One unfortunate effect is that an institution's major presence on the
Web is often notoriously difficult to navigate, despite the fact that
cross-linked sites maintained by official Webmasters have collections of
documents on related subjects. If the
user is lost in a tangle of obsolete pages and links, so is an opportunity to
take advantage of the original human effort that was invested in imposing order
on a small corner of cyberspace.
We believe that part of this problem can be solved by adding
subject-rich metadata to Web pages. Ideally, automated or semi-automated tools
would perform this task whenever a Web page is created or modified, fulfilling
one of the visions of the Semantic Web.
Right now, we can only simulate this vision by manipulating the pages as
if the authors could comply with the evolving Semantic Web metadata
standards. To illustrate, the demo
accessible from this page uses real-world data from OCLC's official site,
www.oclc.org, which has many links to the
Dublin Core site, dublincore.org,
as well as to the World Wide Web Consortium's site,
www.w3.org.
Our processes collect keywords and phrases
using natural-language processing software that operates on HTML pages and
organizes them into a topic map that resembles a thesaurus.
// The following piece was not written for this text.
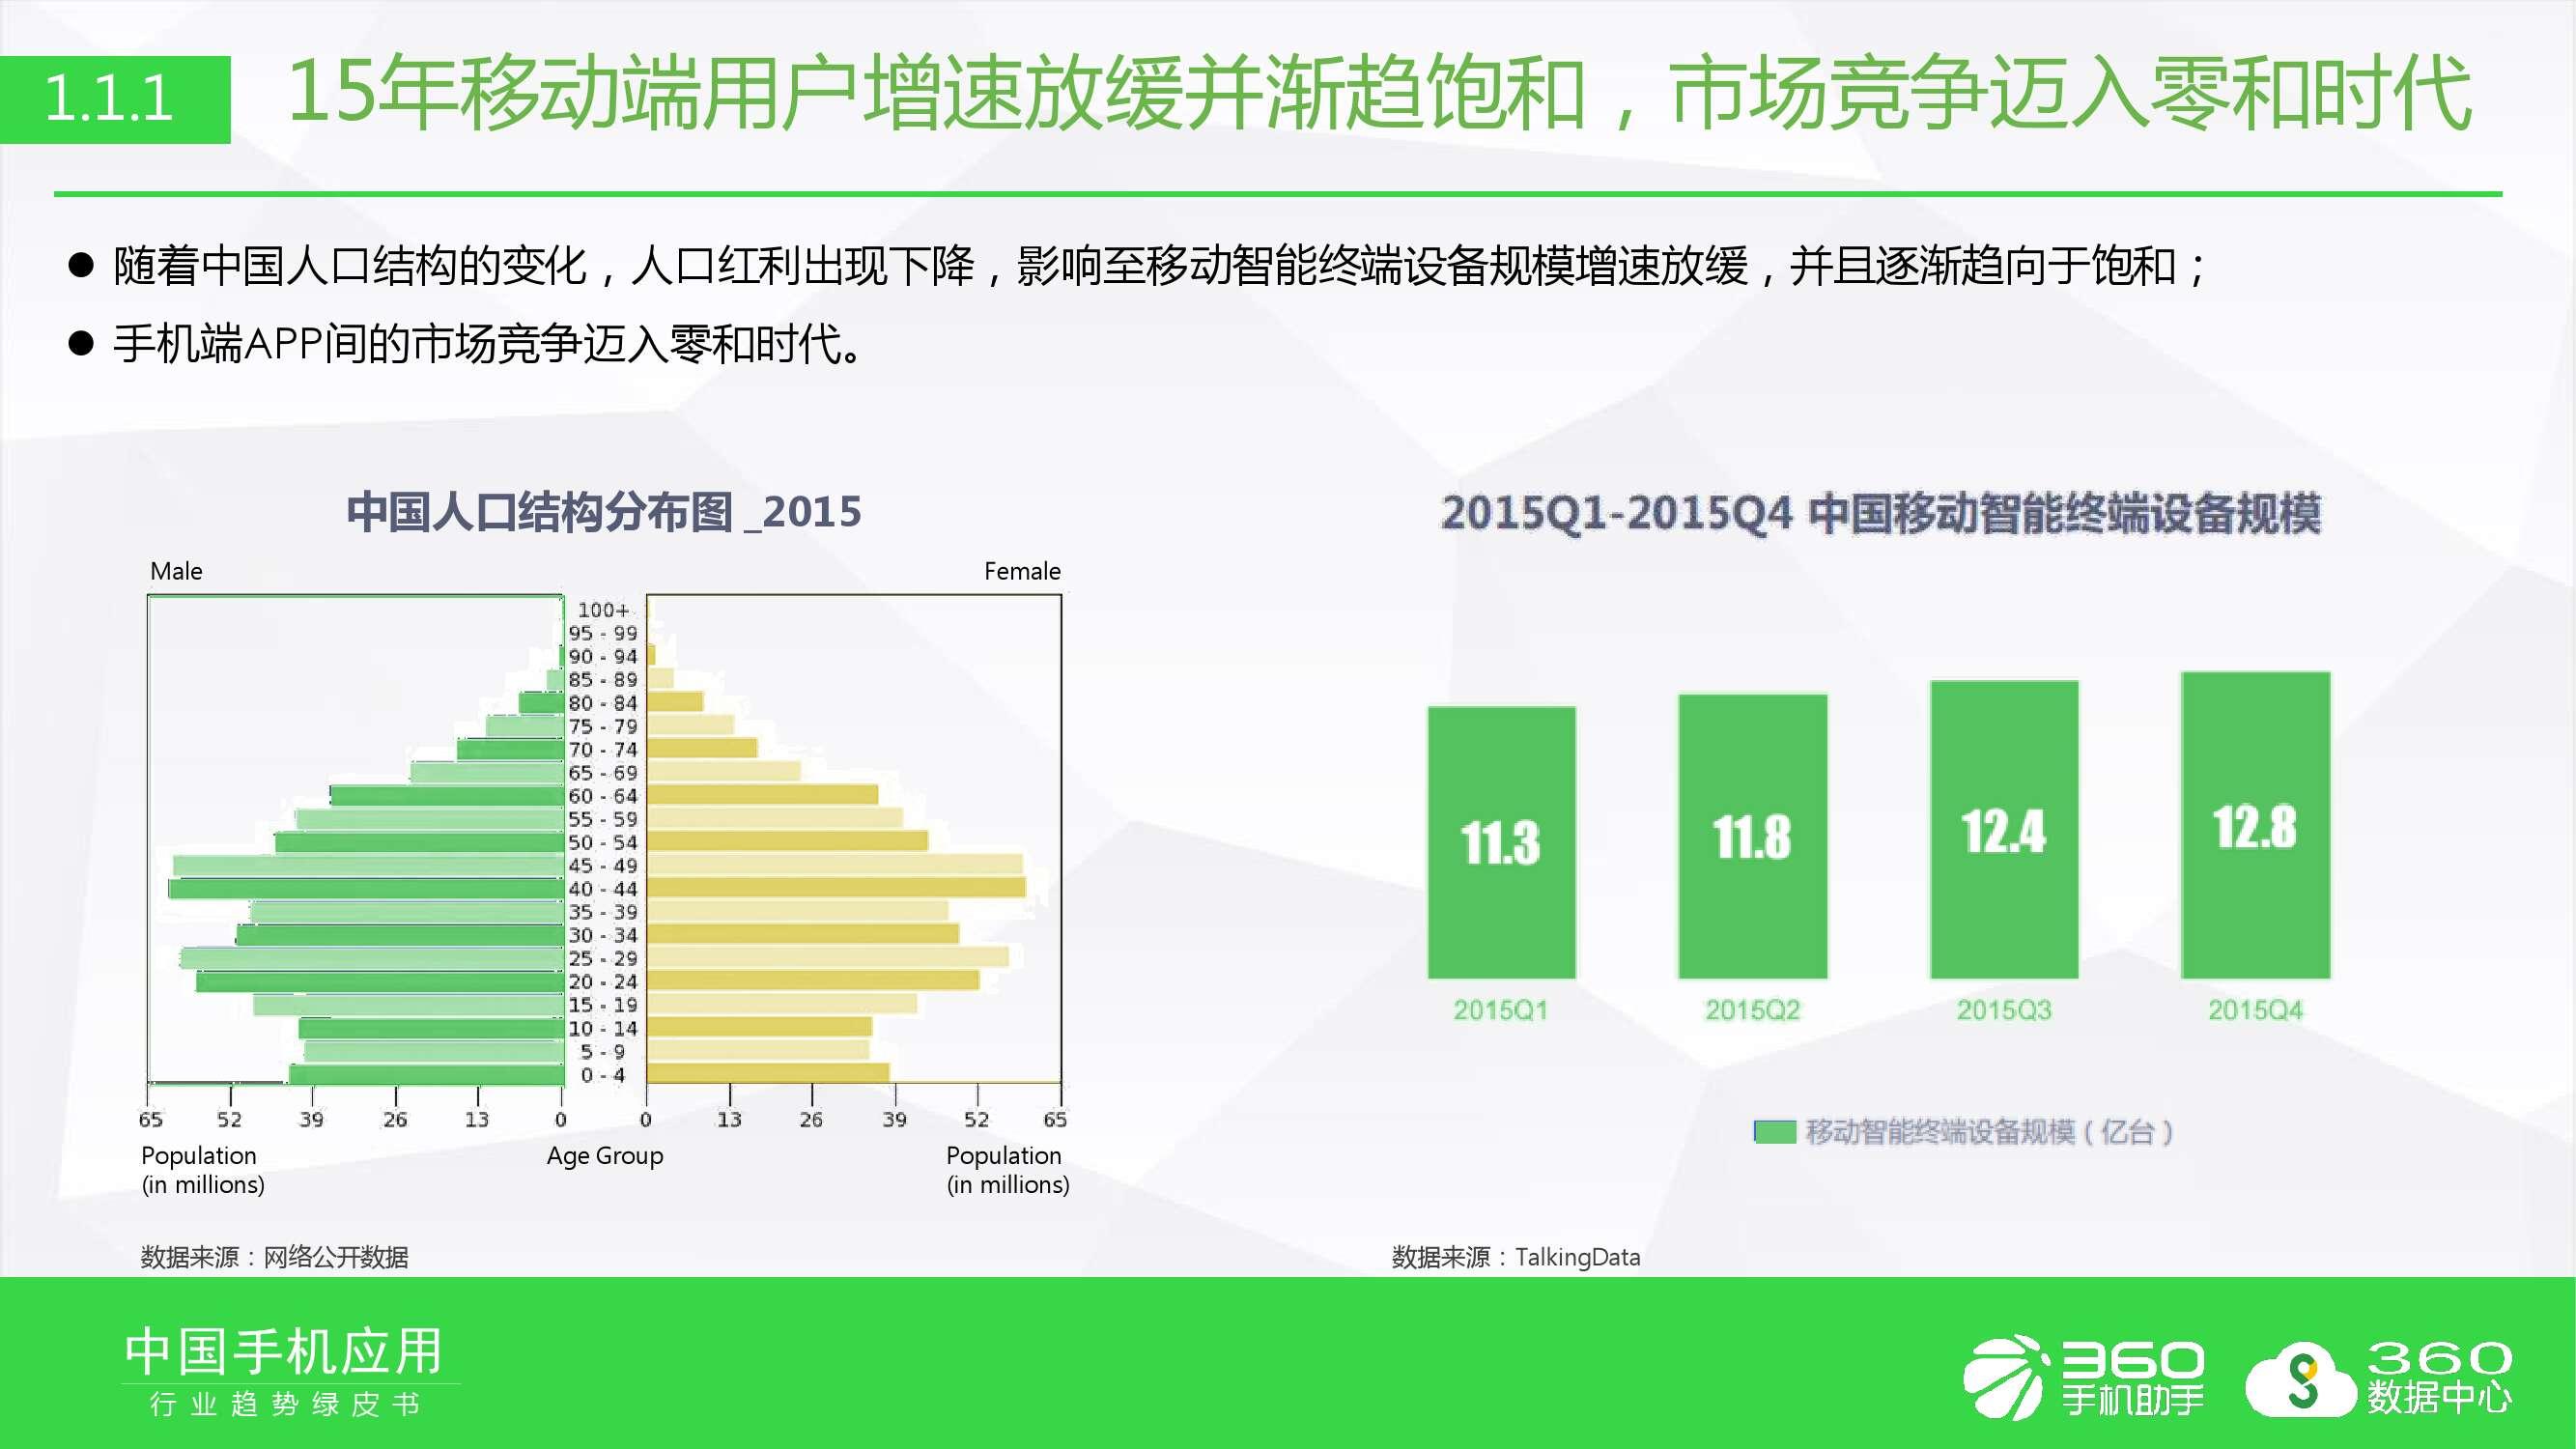 2016年手机软件行业趋势绿皮书_000005

The result is
visible to the user in a browsing tool that appears to sit on top of all three
sites and offers some new strategies for subject navigation that are not
available in the original sites.
Our demo is built from Open Source software and can be
downloaded from this site.
The software
that we have written harvests Web pages, extracts subject-oriented keywords and
phrases, populates a mySQL database containing RDF triples, and organizes the
concepts into a topic map.
The results
are made available to the user through an interface rendered by XSL and XML
stylesheets.
The processes can be
integrated to create an environment for implementing and improving tools for
subject-oriented browsing of Web collections.
Some of the topics discussed in the three Web sites in our
demo are shown in this figure.
You can start your exploration of the topic map by typing libraries,
classification, metadata or xml in the Search box.
Pressing the Search Topics button
places you in the topic map at the search term, while pressing the Extended
Search button produces a list of documents organized by the search term
and the closely related terms that are represented in the topic map. On every
screen, you have the choice to explore the topic map or retrieve Web documents
that have been organized by topics.
Clicking on a term keeps you in the topic map, while clicking on a
document title retrieves a document.
|